# Directions:
Pictures aside, reproduce exactly and only the lines below, starting at the one containing "Witch and Mercenary 魔女と傭兵 第6話 - Page 10" and ending at the last line.

# Collected material:
┄┄┄┄┄┄

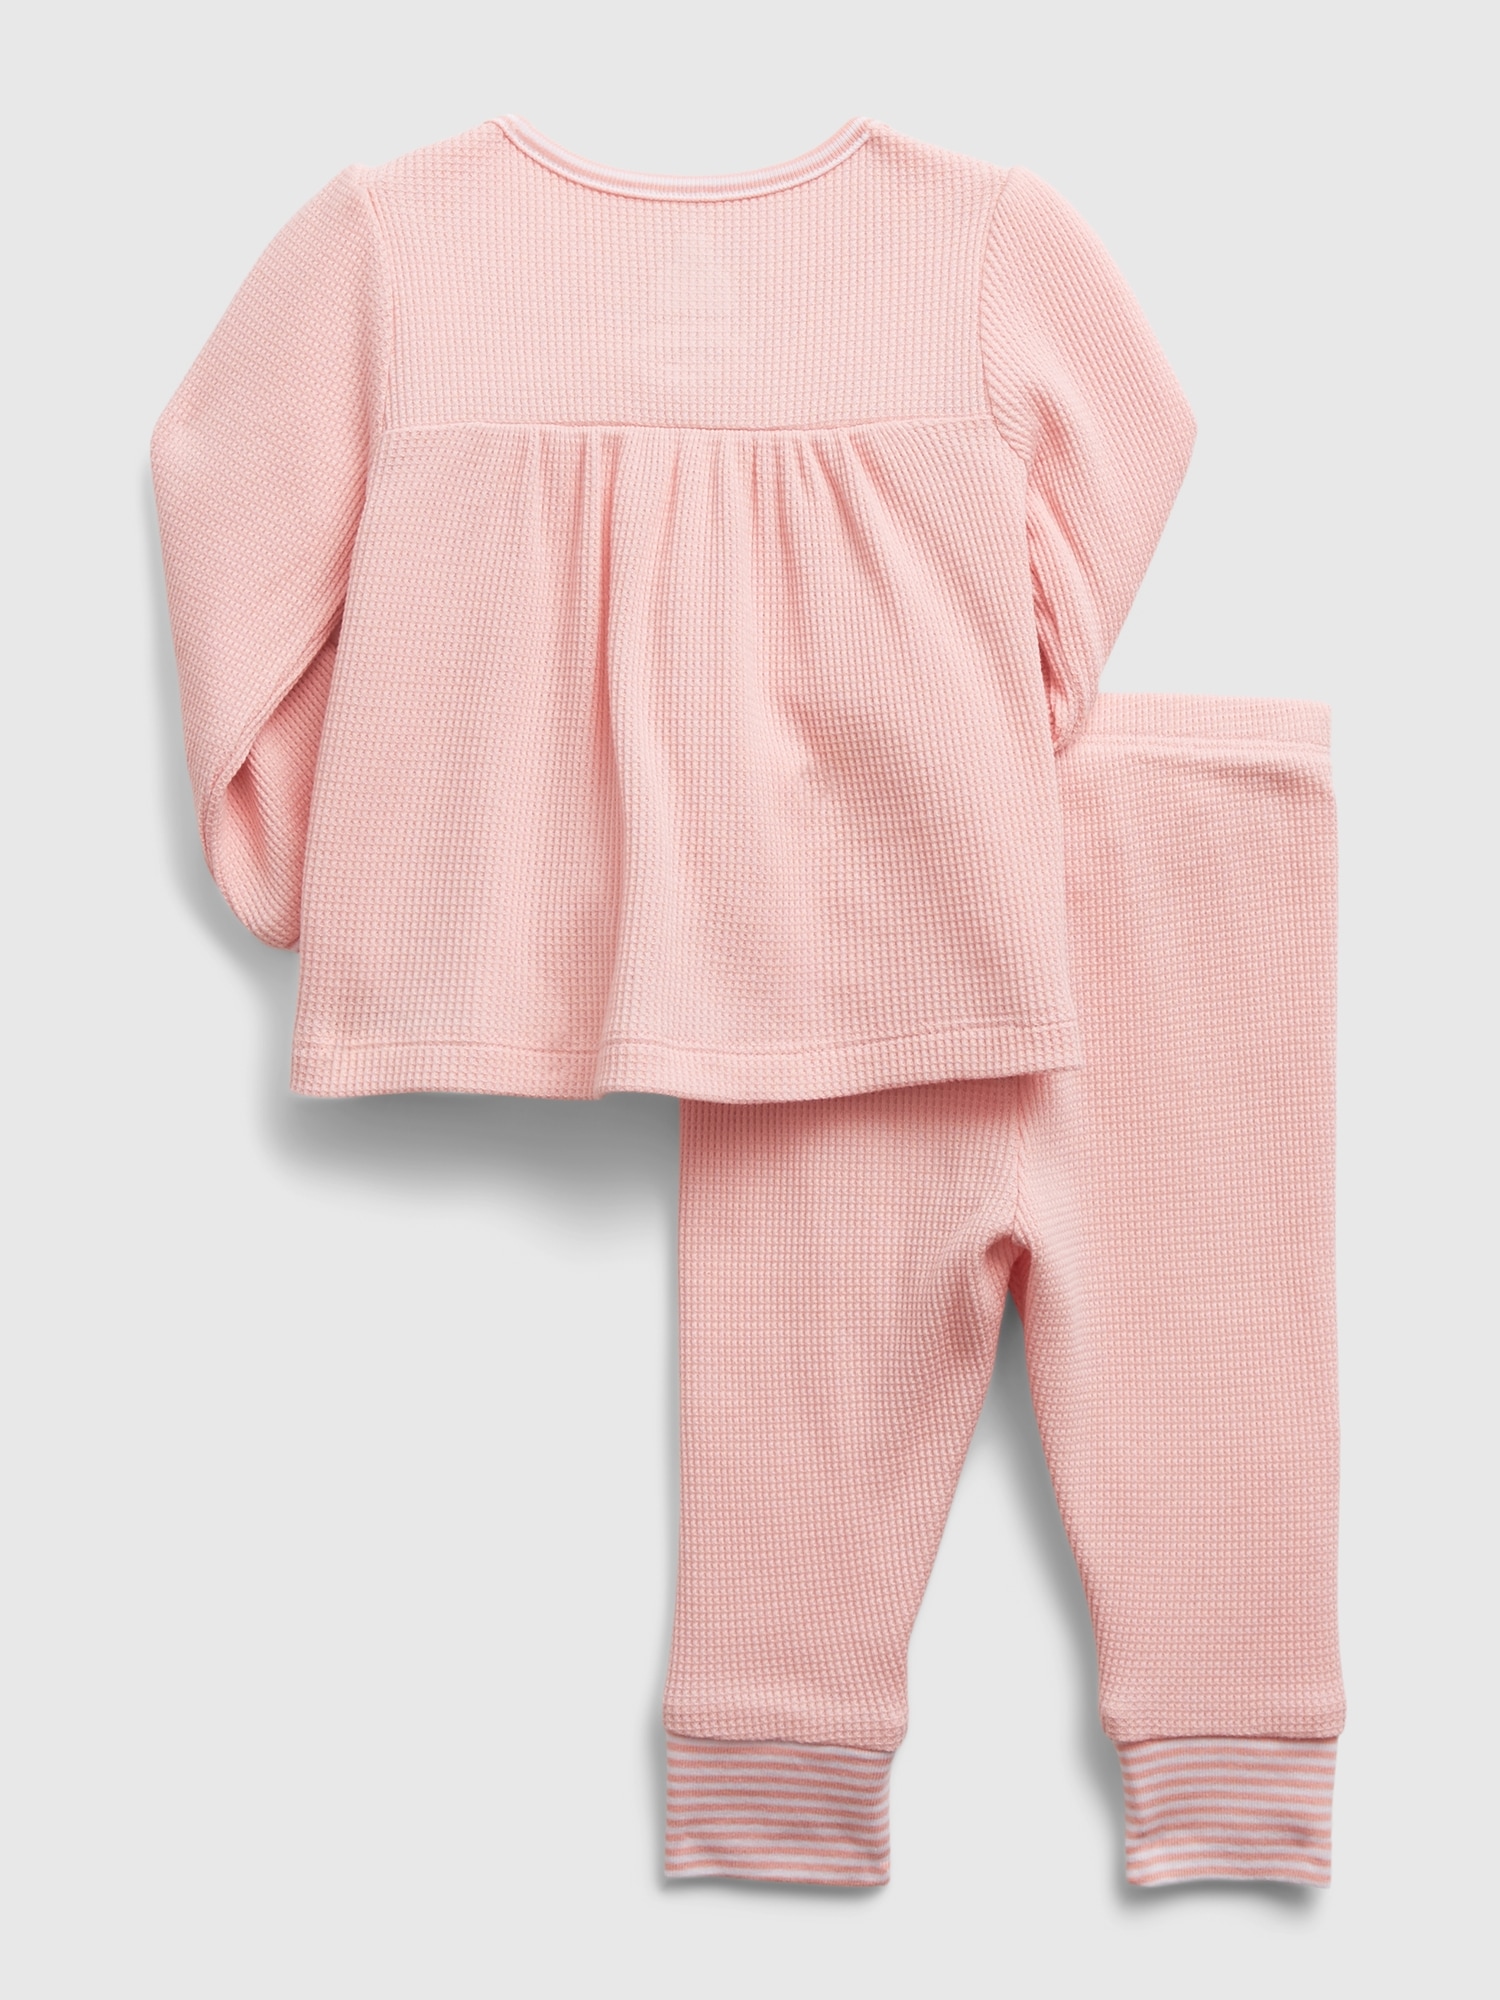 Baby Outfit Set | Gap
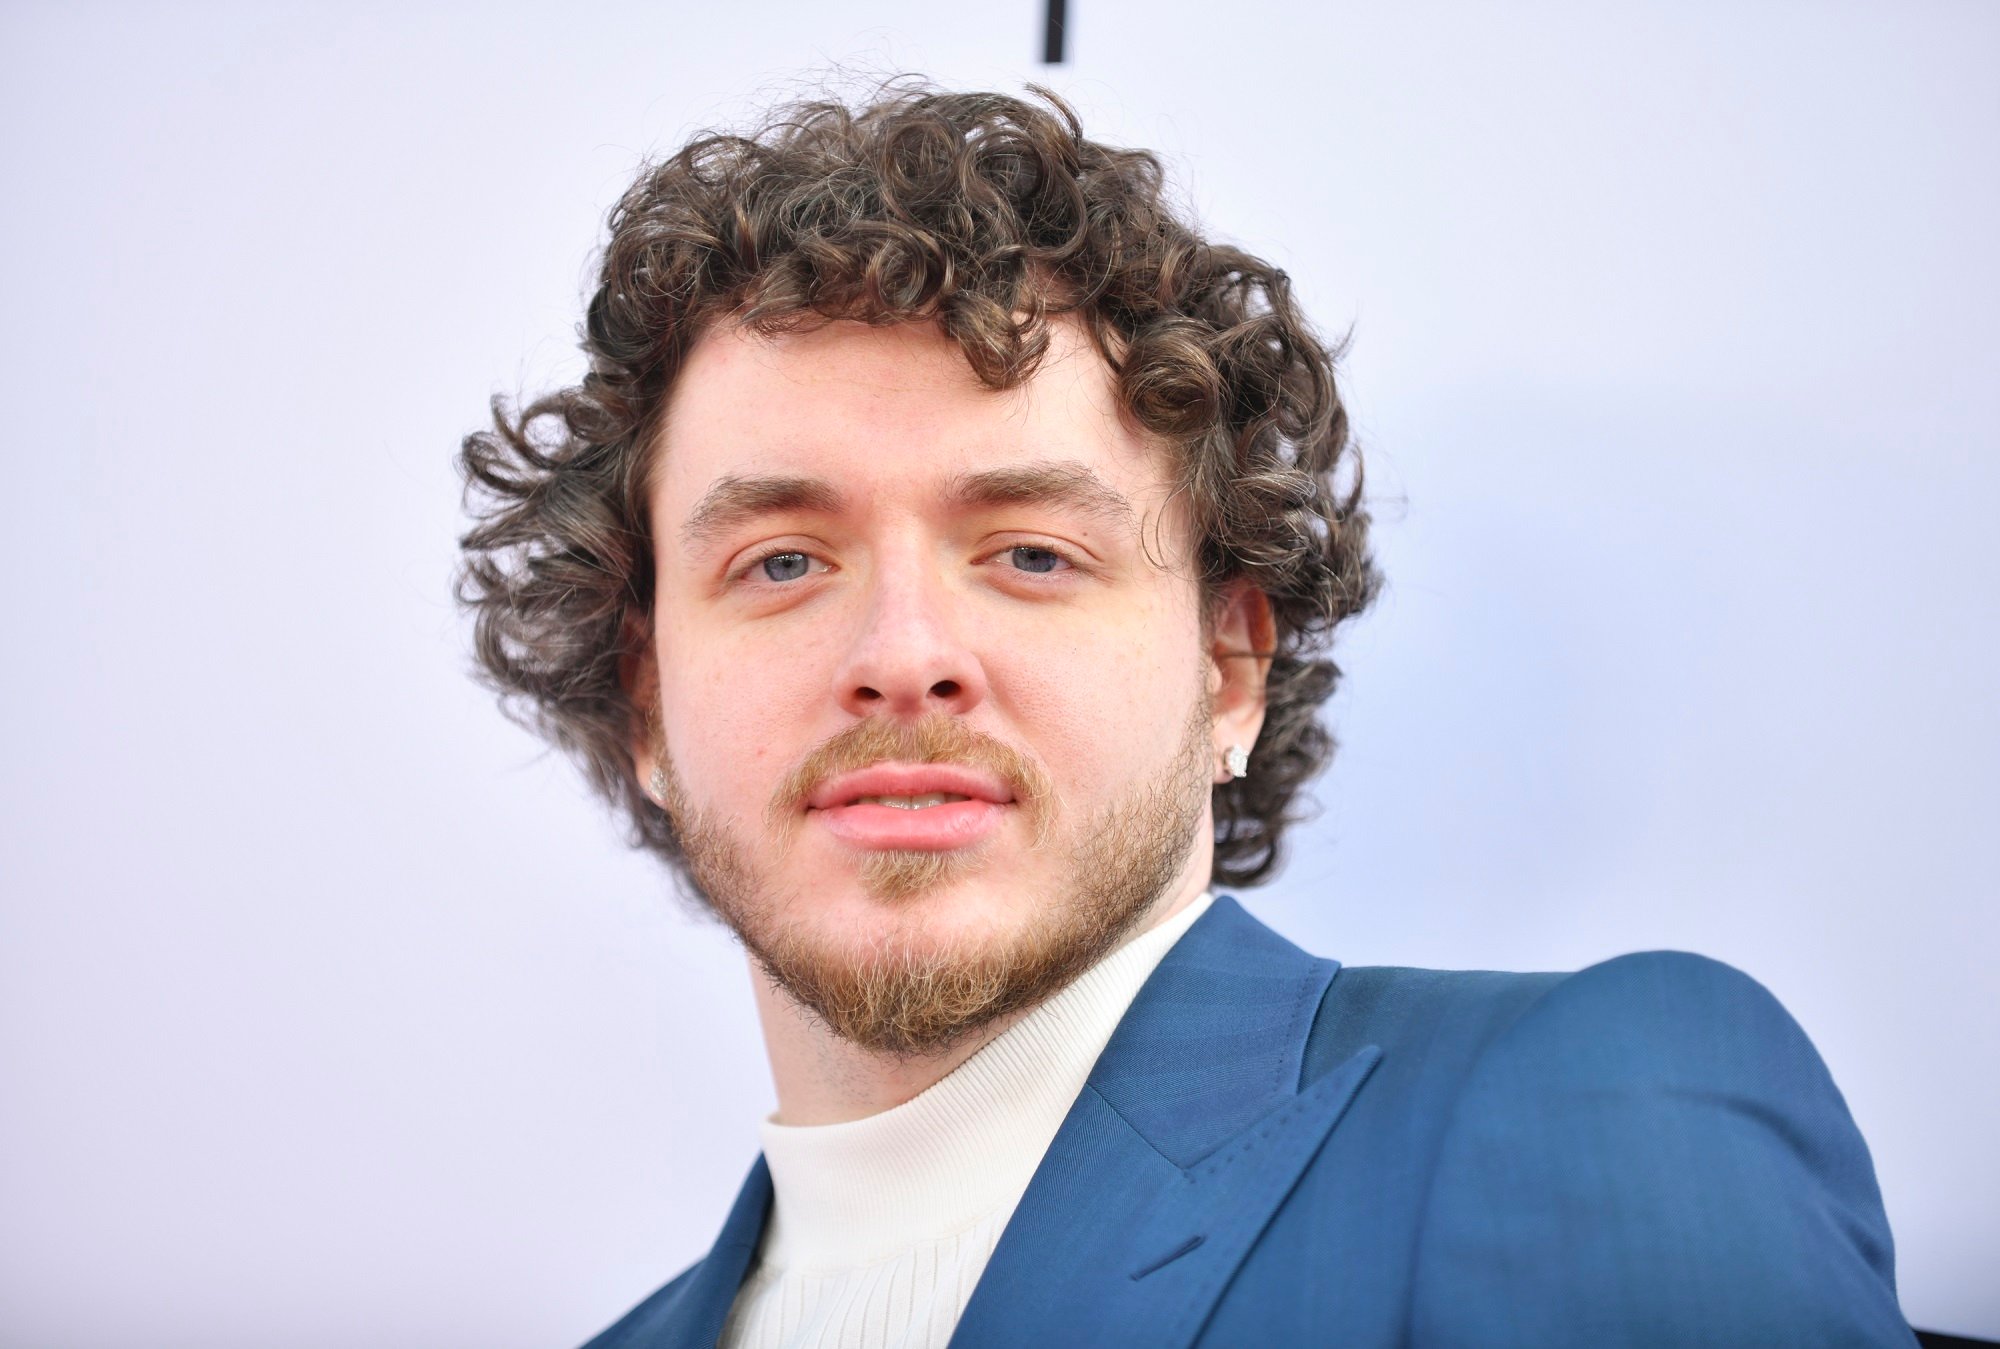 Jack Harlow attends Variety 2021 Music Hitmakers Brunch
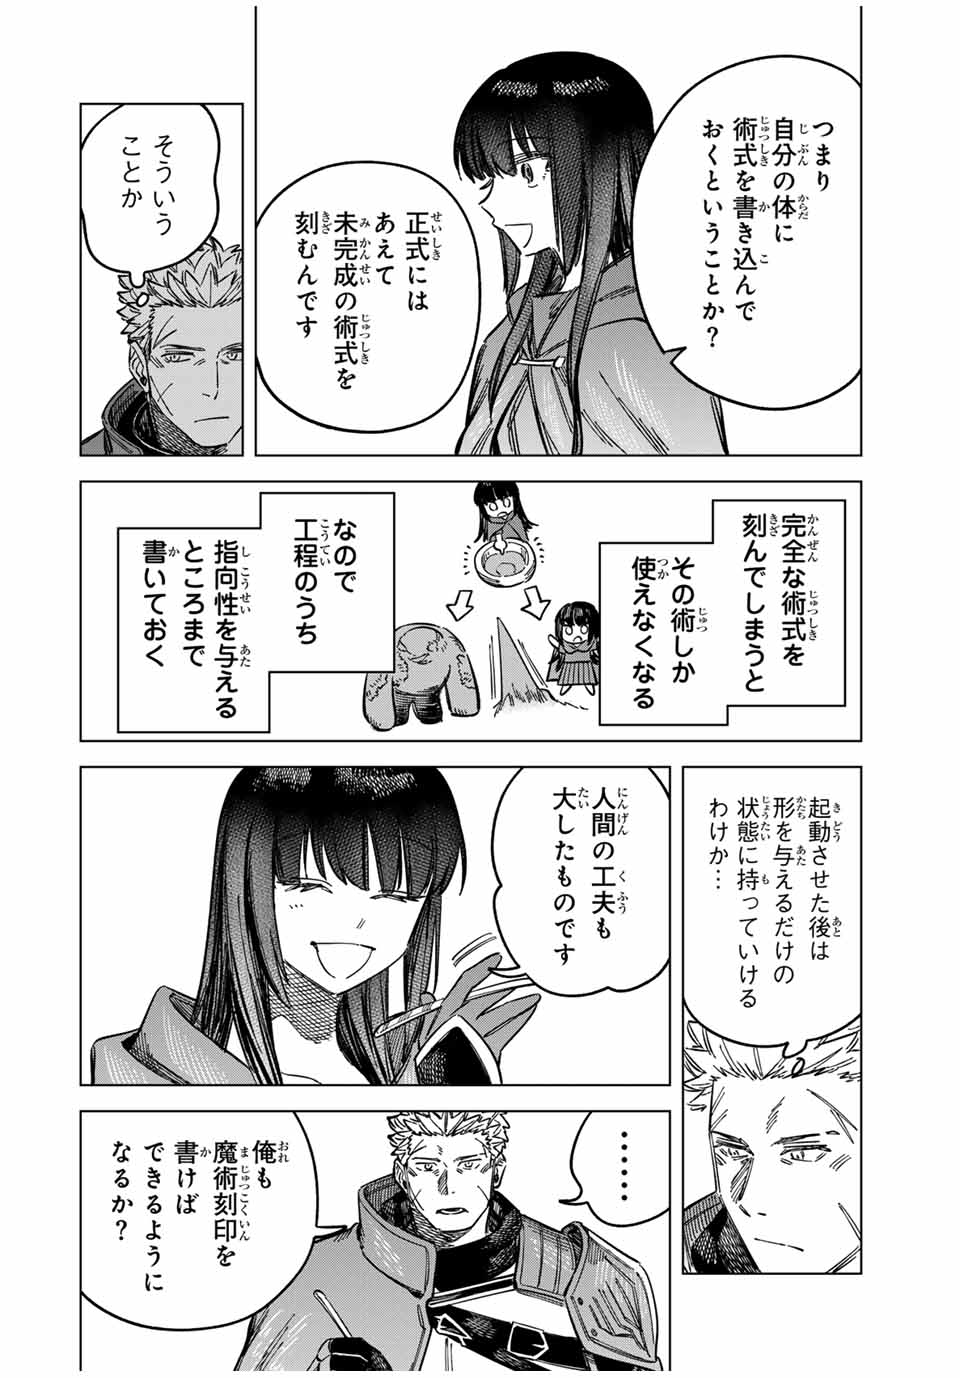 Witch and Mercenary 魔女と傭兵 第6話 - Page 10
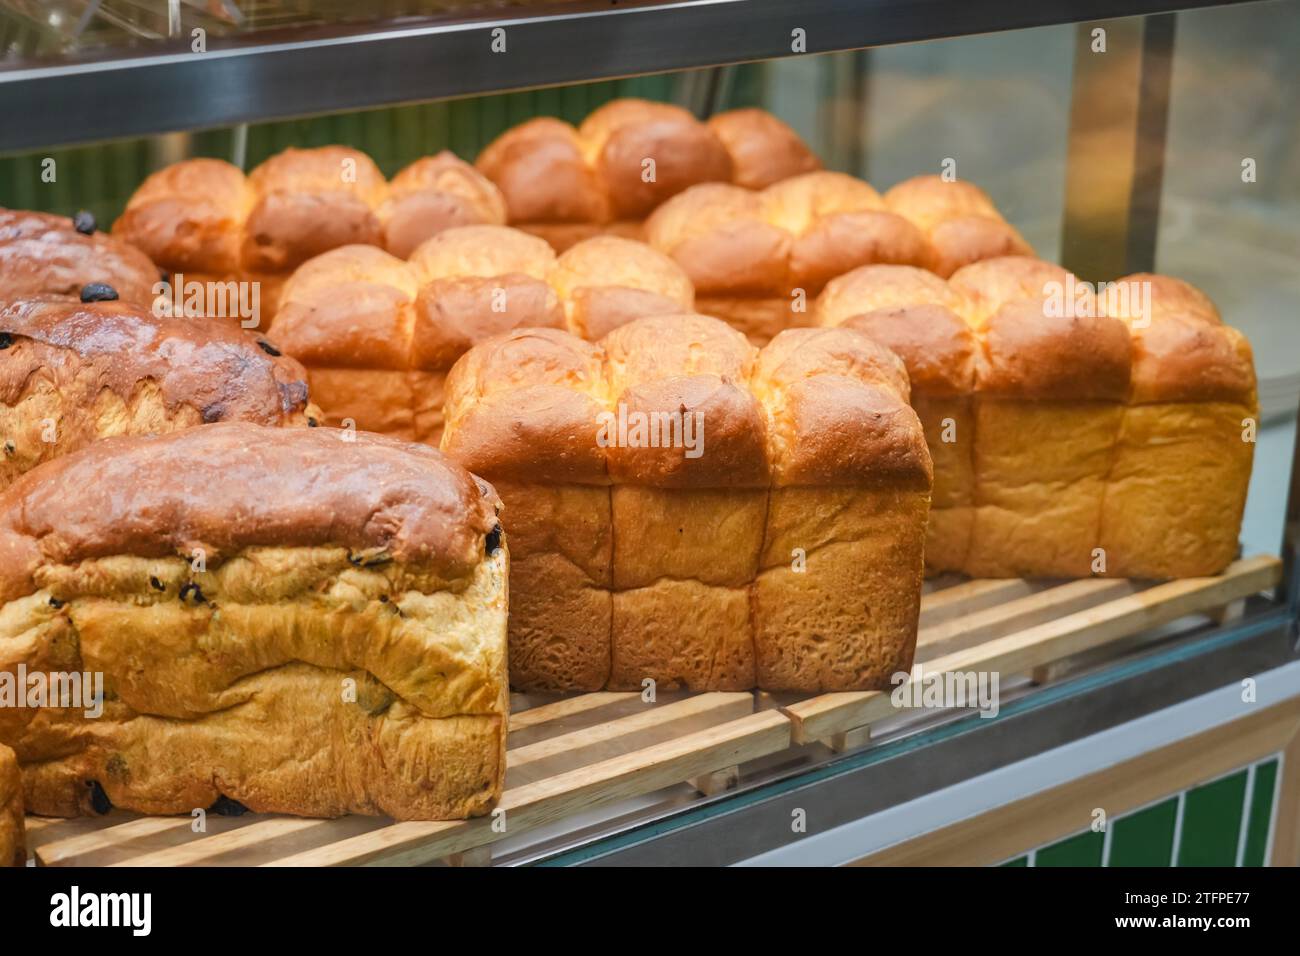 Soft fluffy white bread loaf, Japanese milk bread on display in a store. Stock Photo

┄┄┄┄┄┄

# Answer for this exercise:
 Witch and Mercenary 魔女と傭兵 第6話 - Page 10
 Soft fluffy white bread loaf, Japanese milk bread on display in a store. Stock Photo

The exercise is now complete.